|A rooftop view from the balcony of our apartment|
at ai Vellutai.
Rising again, even more steeply than before, my eight kilometre per hour speed around the road’s relentless hairpins was a sobering reminder of what, up until now, had been a very formidable climb. With a height of only 1,378 metres, it might seem a dwarf compared to its northern colleagues, Gavia, Stelvio and the Tre Cime di Lavaredo. But there’s no disputing the pass's steeper average gradient, made all the more daunting when you factor in its more gentile approach to the summit.
Leaving the steep forest slopes behind, the lush, green meadows of Sega di Ala appeared for the very first time. Only four kilometres of road left to travel, I couldn’t think of a better climax to my last climb in Italy – this time. With the gradient easing off and in full view of Monte Lessini’s spectacular summit to the east, the strain of the previous 90 minutes had all but dissipated.
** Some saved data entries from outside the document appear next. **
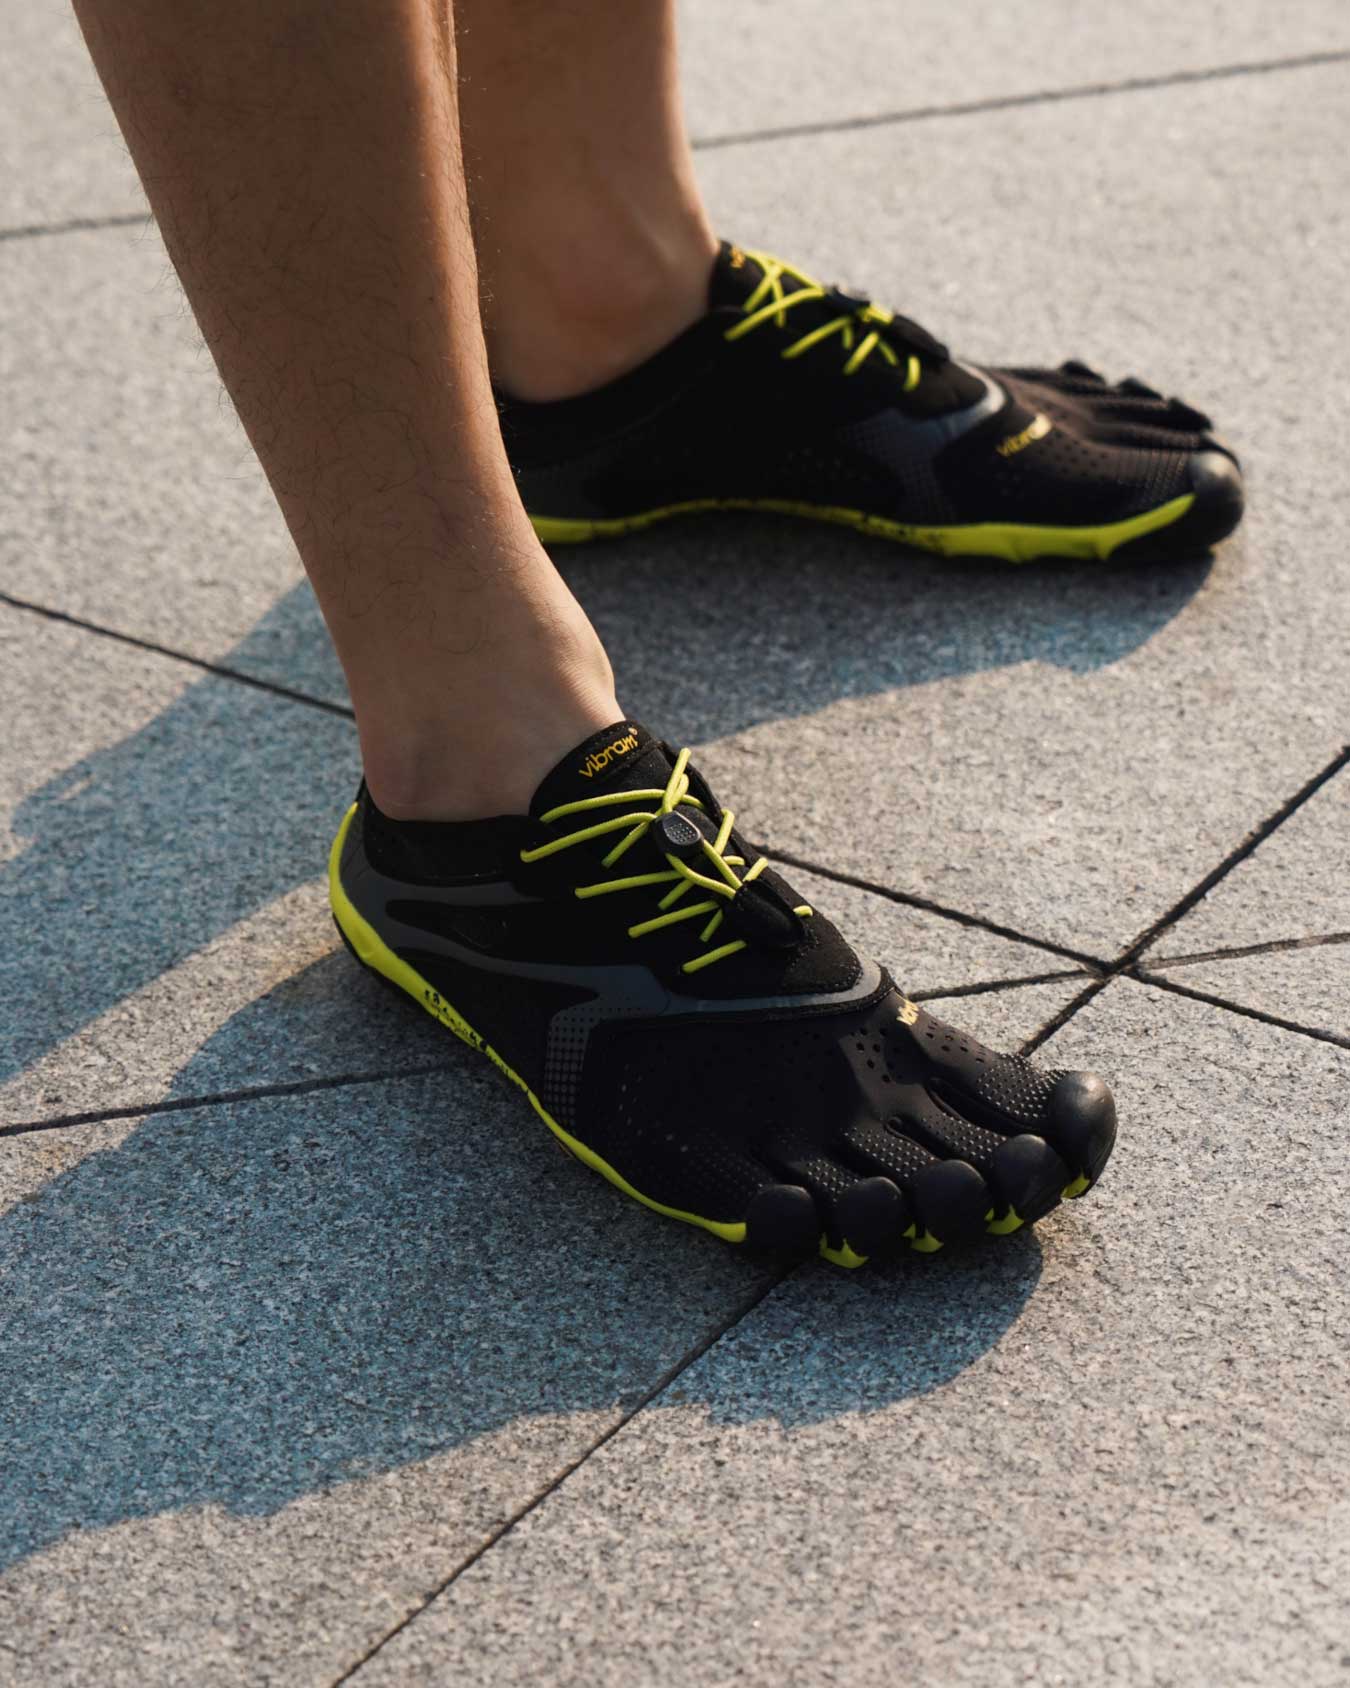 Individuals with webbed toes often think Vibram Five Fingers are
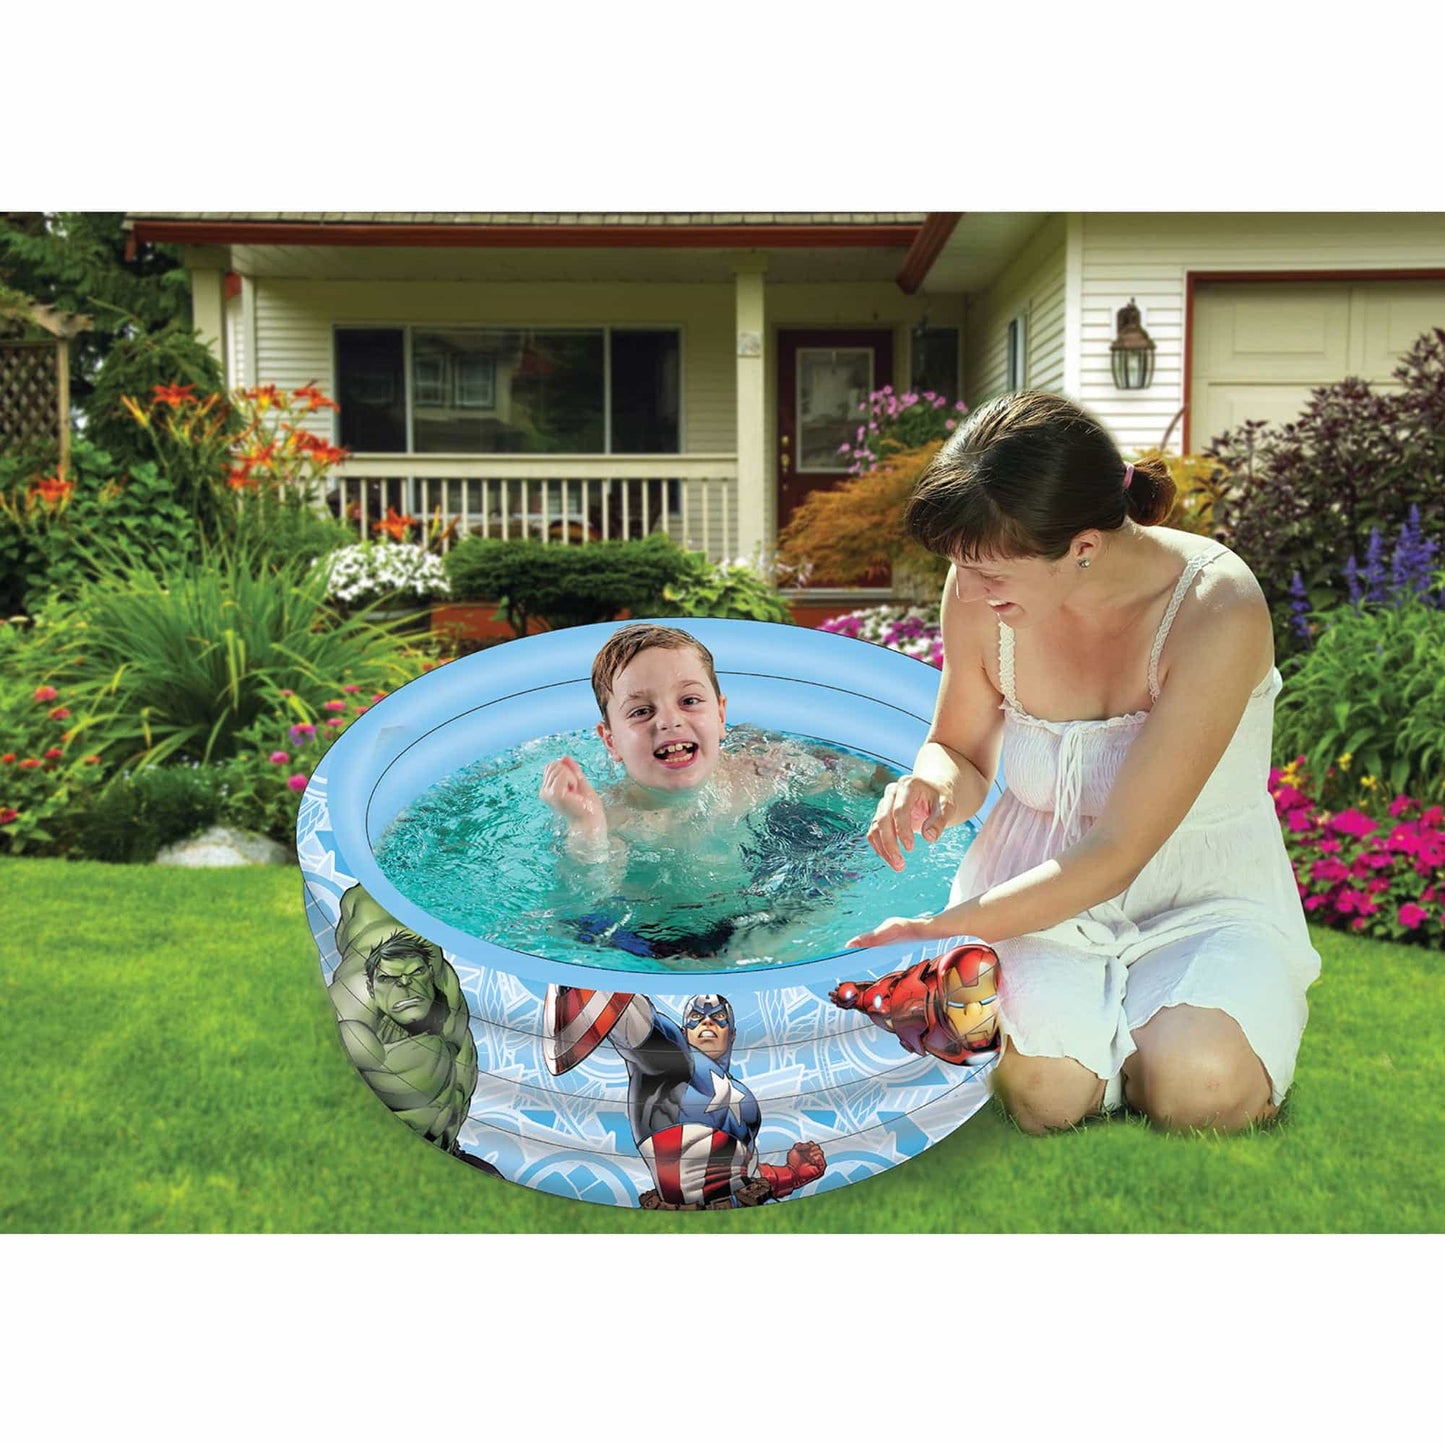 Marvel Avengers Inflatable Swimming Pool for Kids, 3 Rings Kiddie Pool for Toddlers Infant Baby for Backyard Indoor Outdoor Pool Party Games || 3-8 Years - Toys4All.in
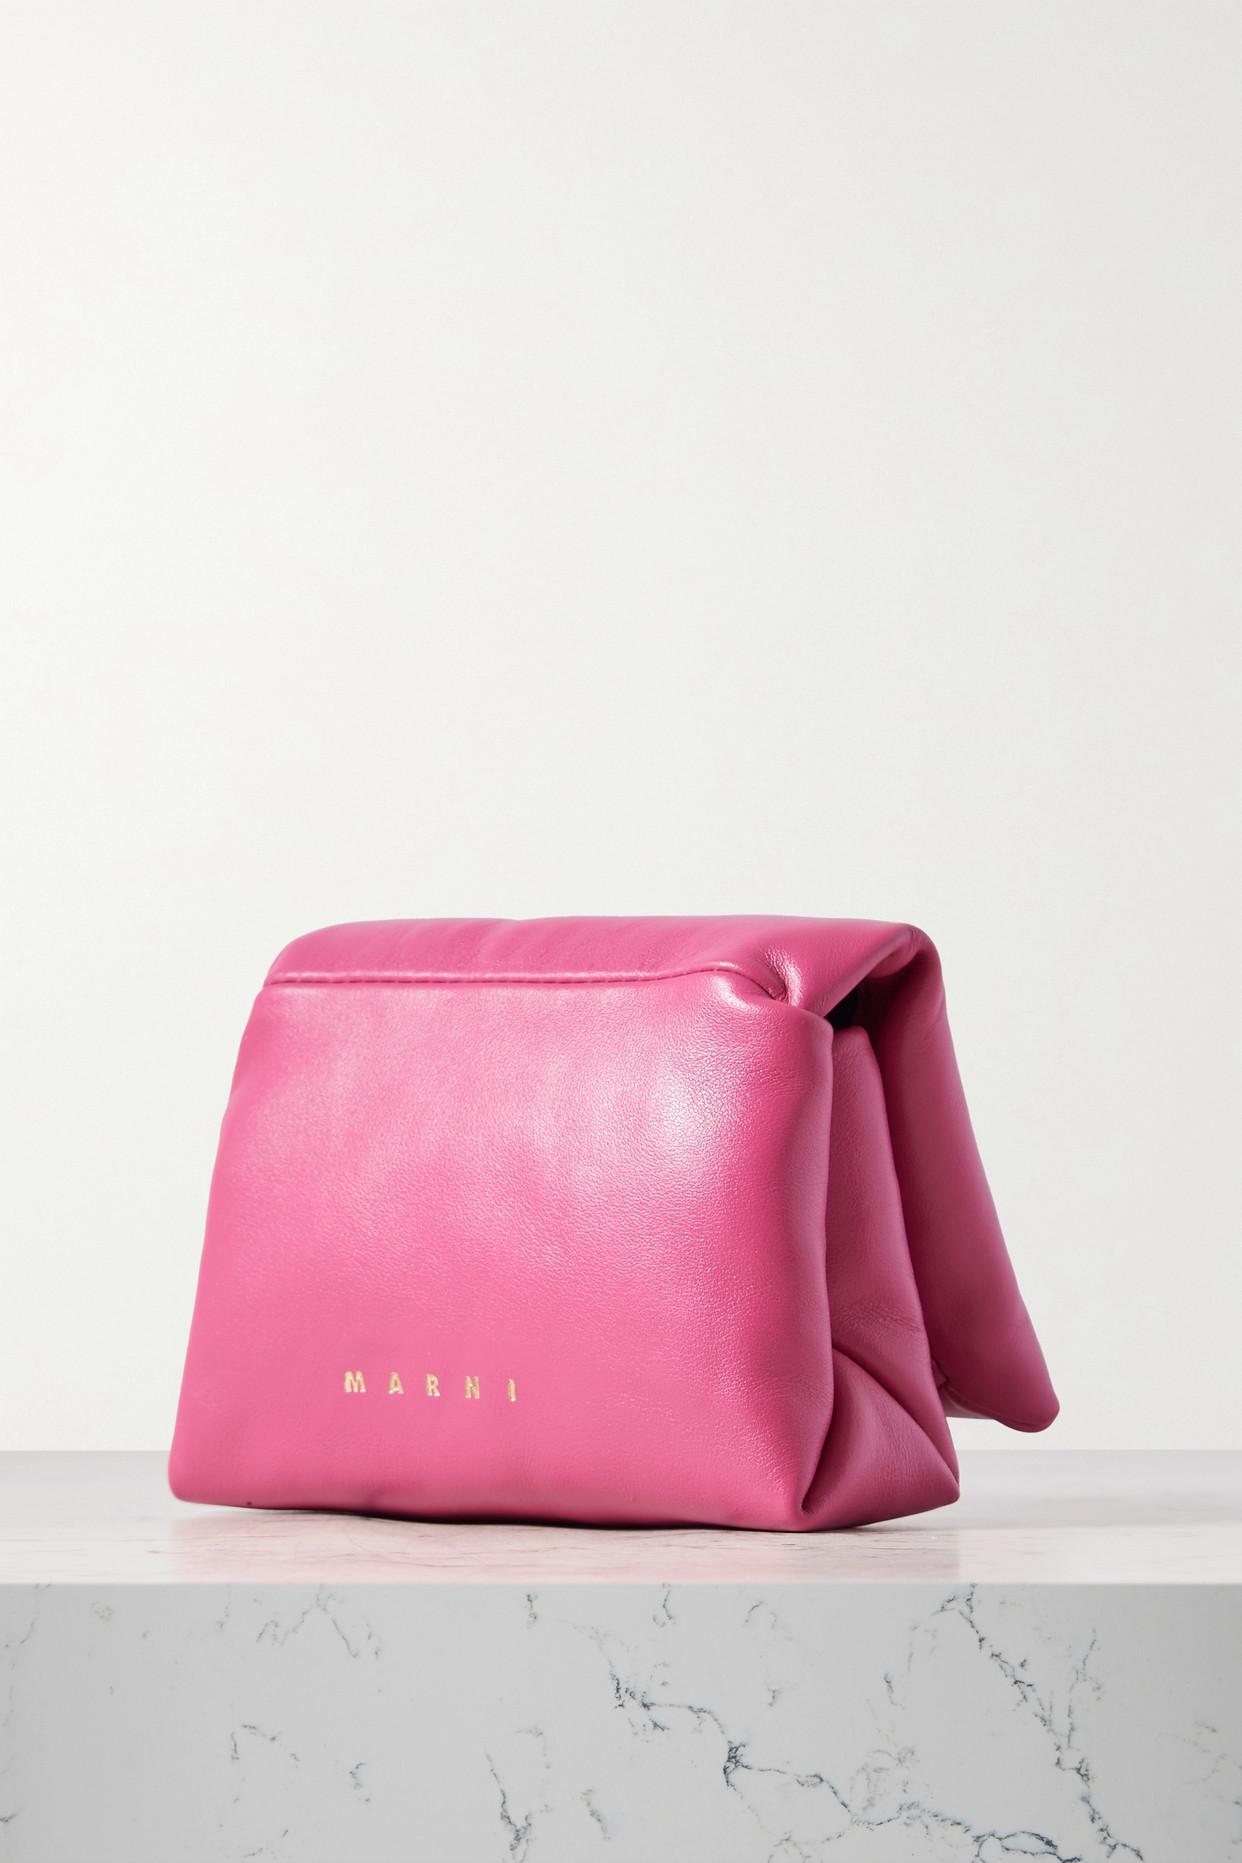 Marni Prisma Mini Padded Leather Shoulder Bag in Pink | Lyst

A far cry from Passo Stelvio’s marketable summit, there was nothing at the top of the pass, apart from Roz, who as usual, had walked up the last three kilometres, a small bar and eatery, and a war memorial to the fallen soldiers of the 1st and 2nd World Wars. A peaceful resting place, with hardly a person in sight – save for the handful of German motorcyclists sharing a conversation over a beer – it seemed just the appropriate place to finish my cycling sojourn in Northern Italy.